_WORK INSTRUCTION:_
The required output is the exact run of lines from the one that contains "Citi Housing Peshawar Payment Plan" to the end of the data, with every picture left out.

SUPPLIED MATERIAL Start Marker

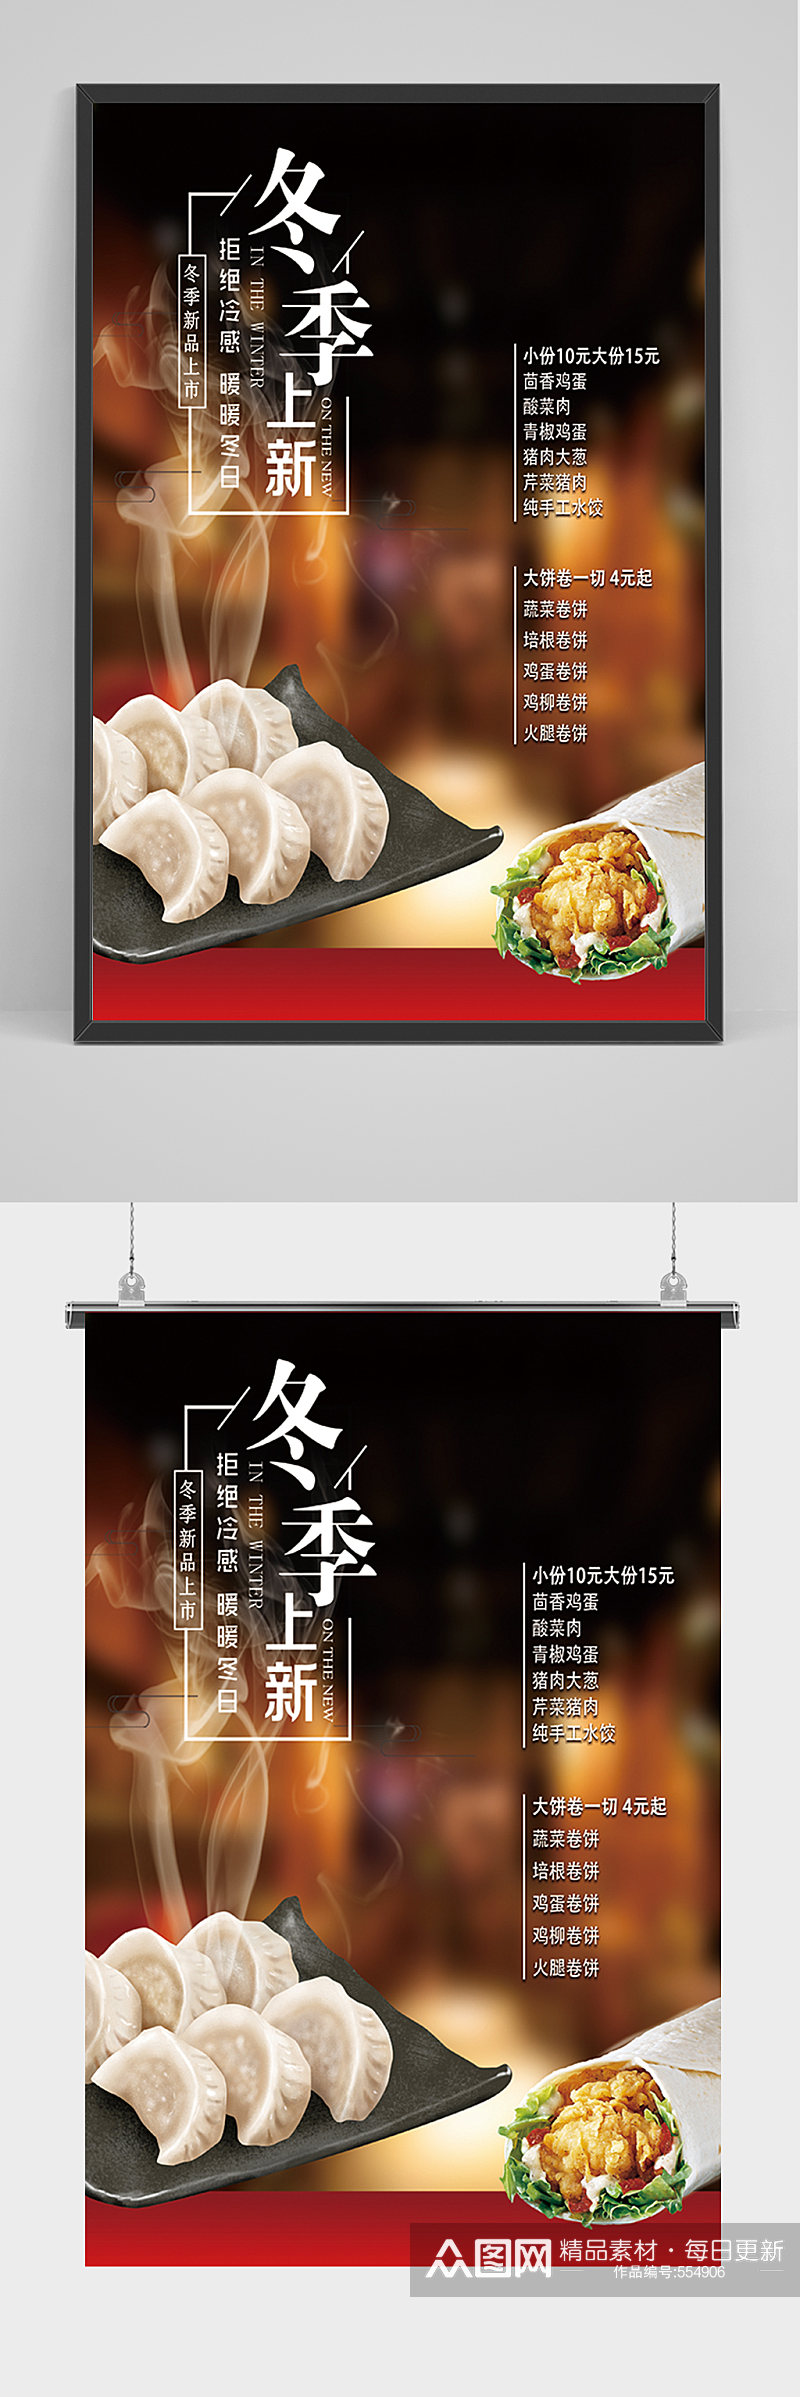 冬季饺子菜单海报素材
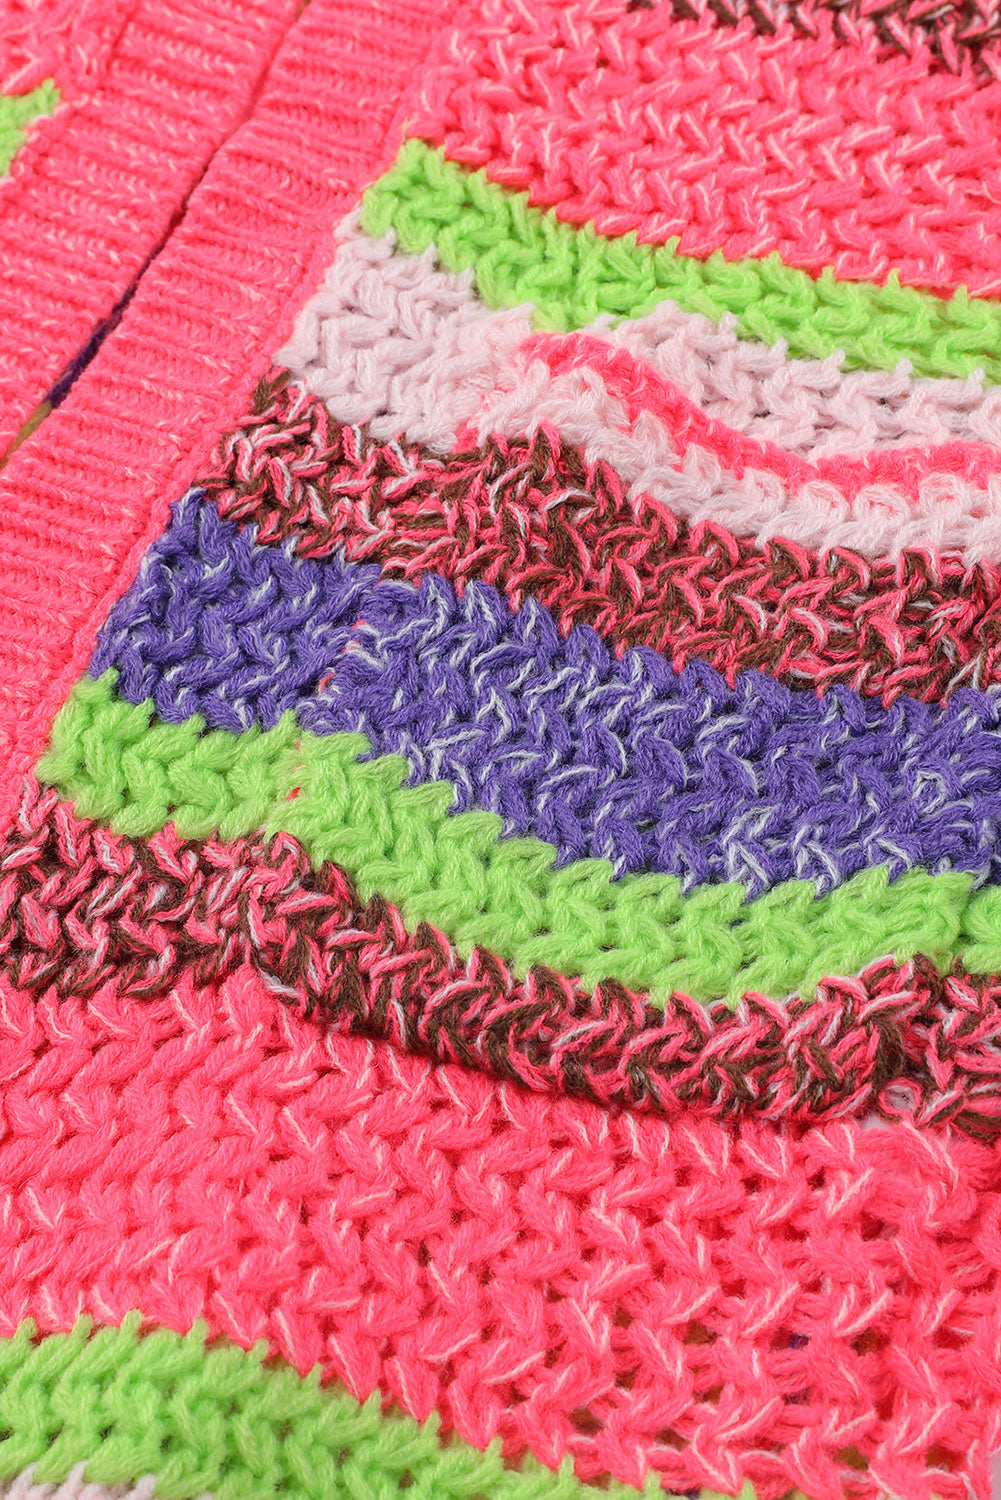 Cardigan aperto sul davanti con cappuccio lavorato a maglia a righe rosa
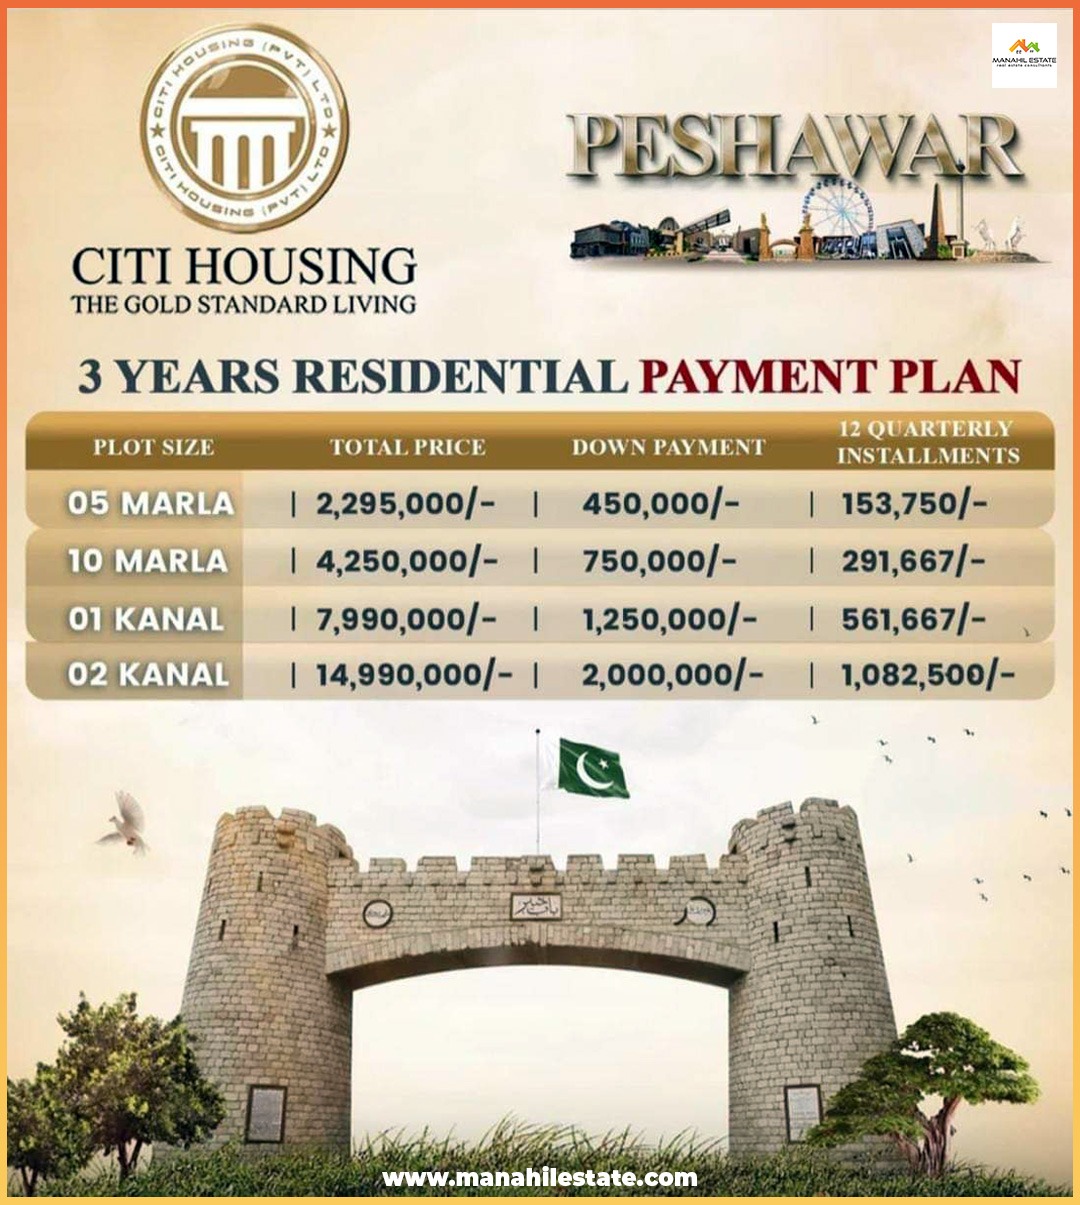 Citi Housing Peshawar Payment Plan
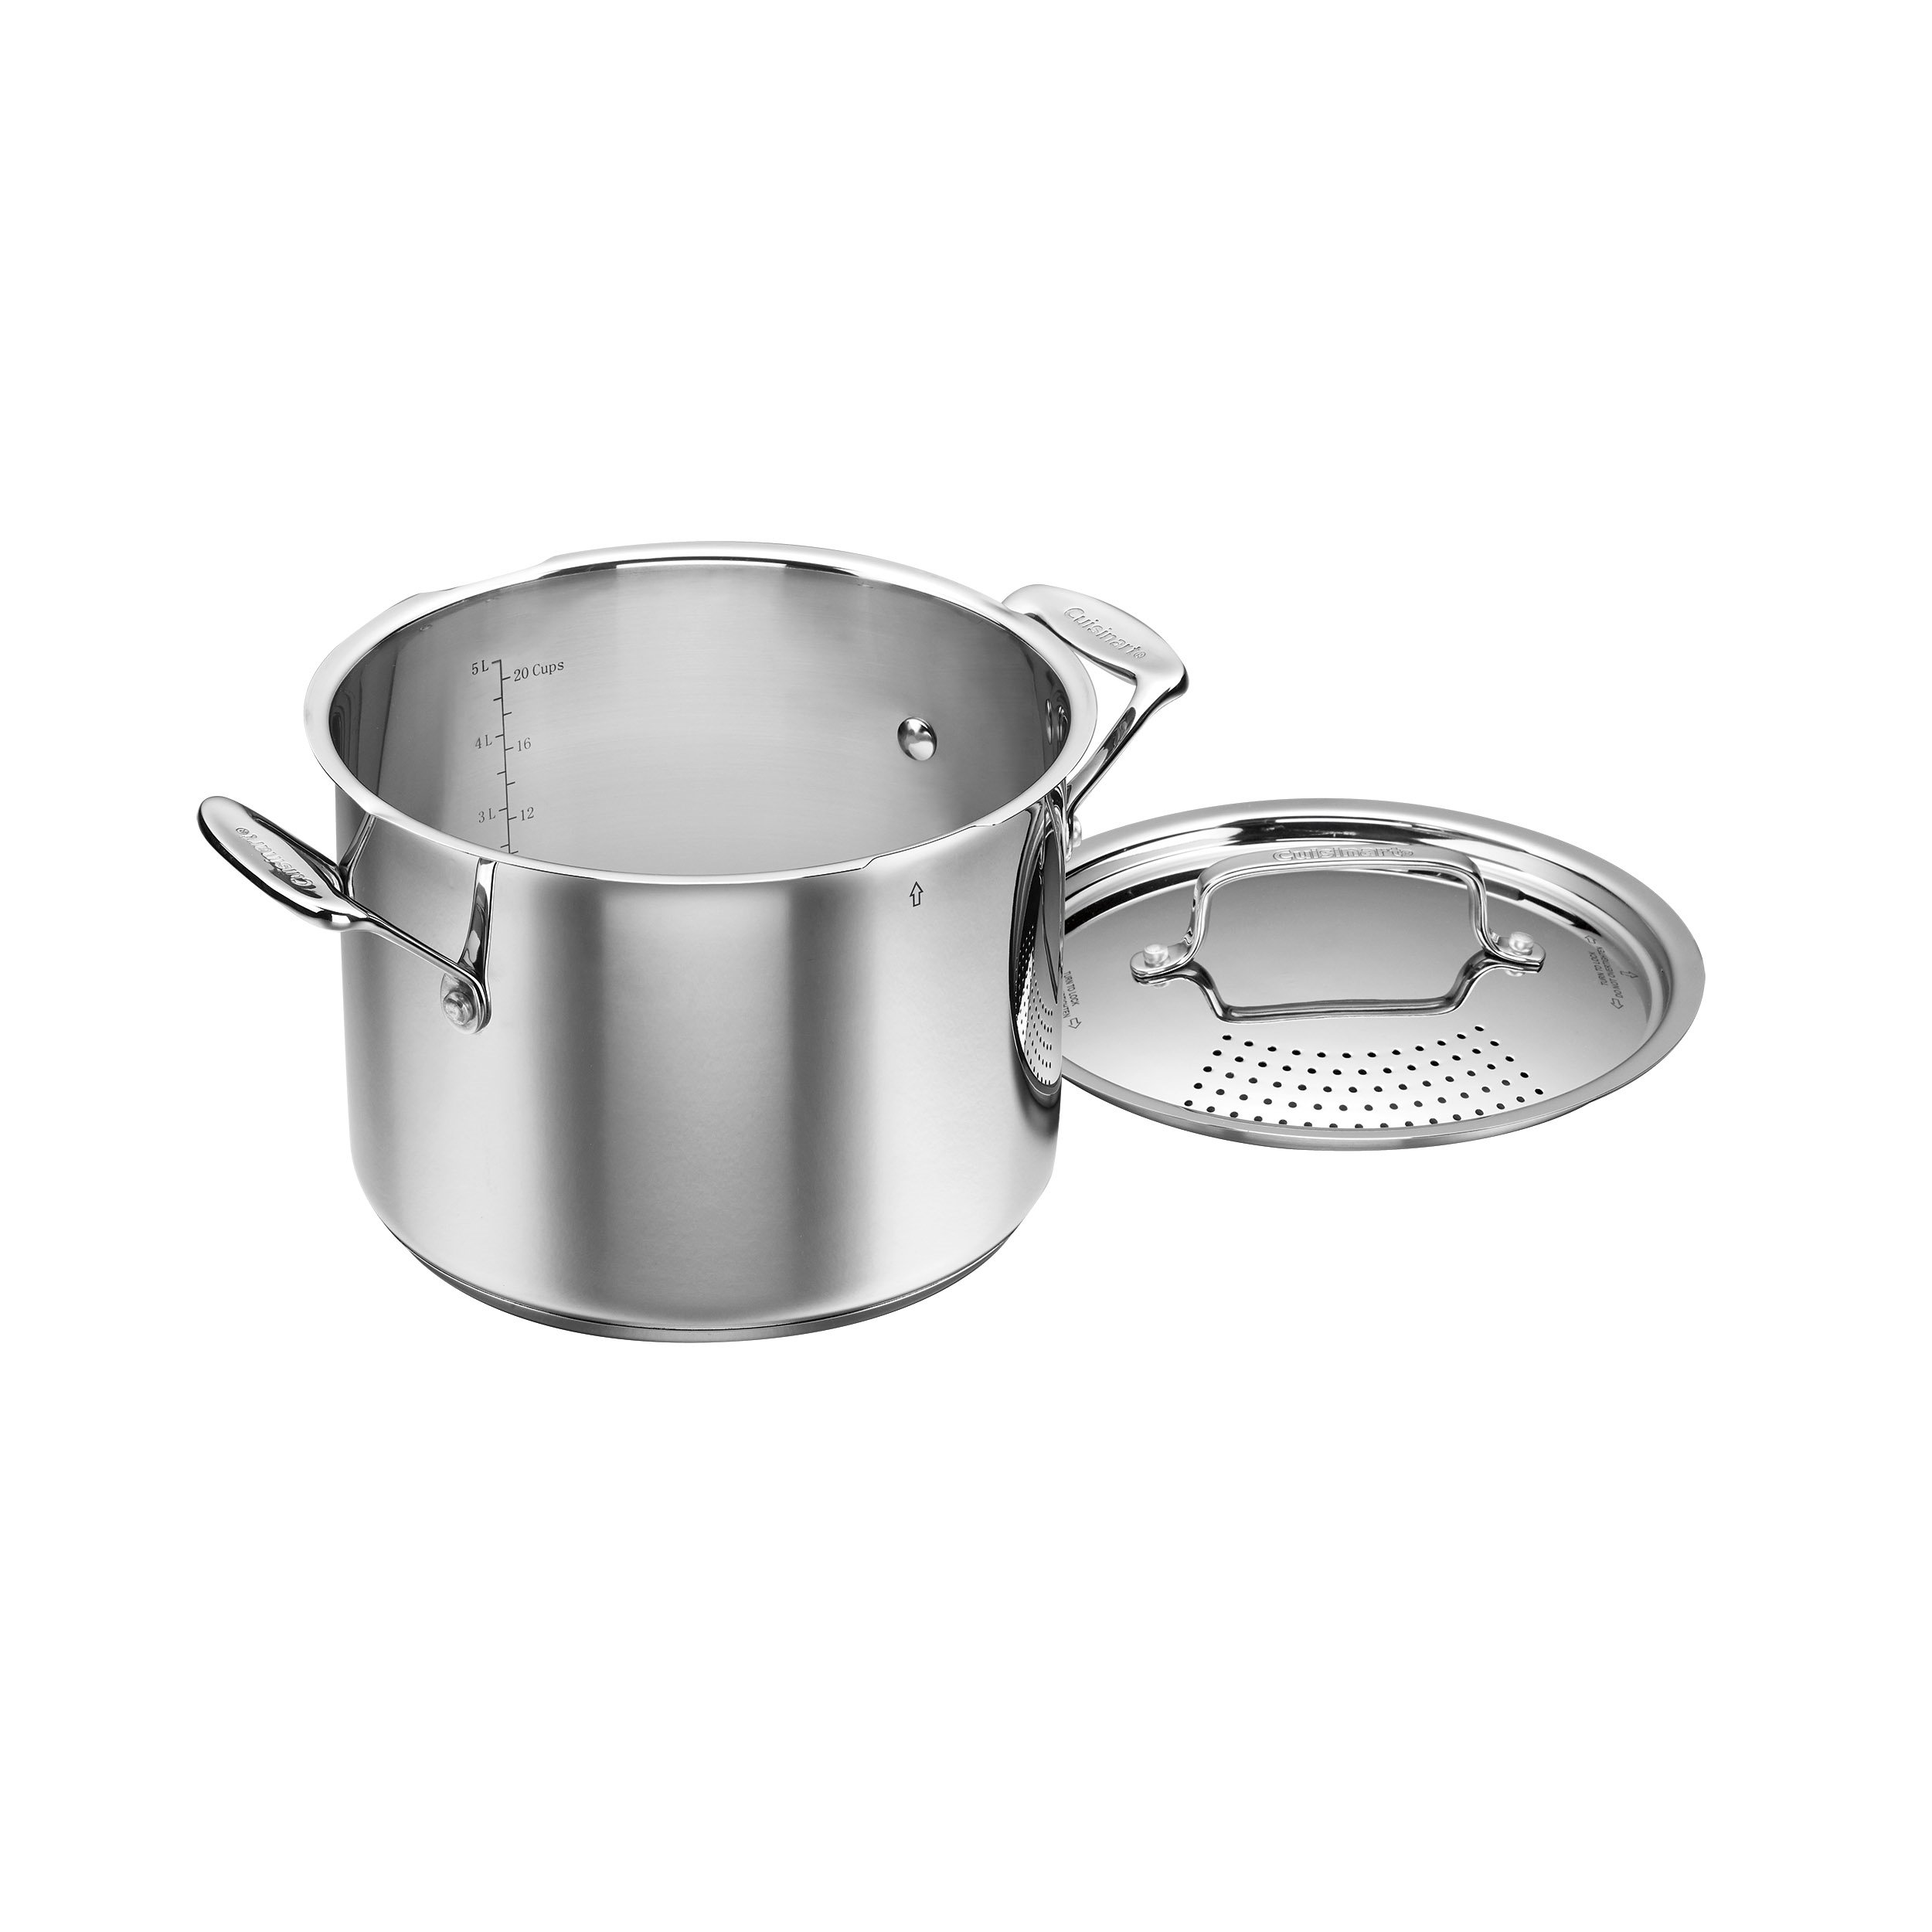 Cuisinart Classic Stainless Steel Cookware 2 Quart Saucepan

SUPPLIED MATERIAL End Marker

_ANSWER BELOW:_
 Citi Housing Peshawar Payment Plan
 Cuisinart Classic Stainless Steel Cookware 2 Quart Saucepan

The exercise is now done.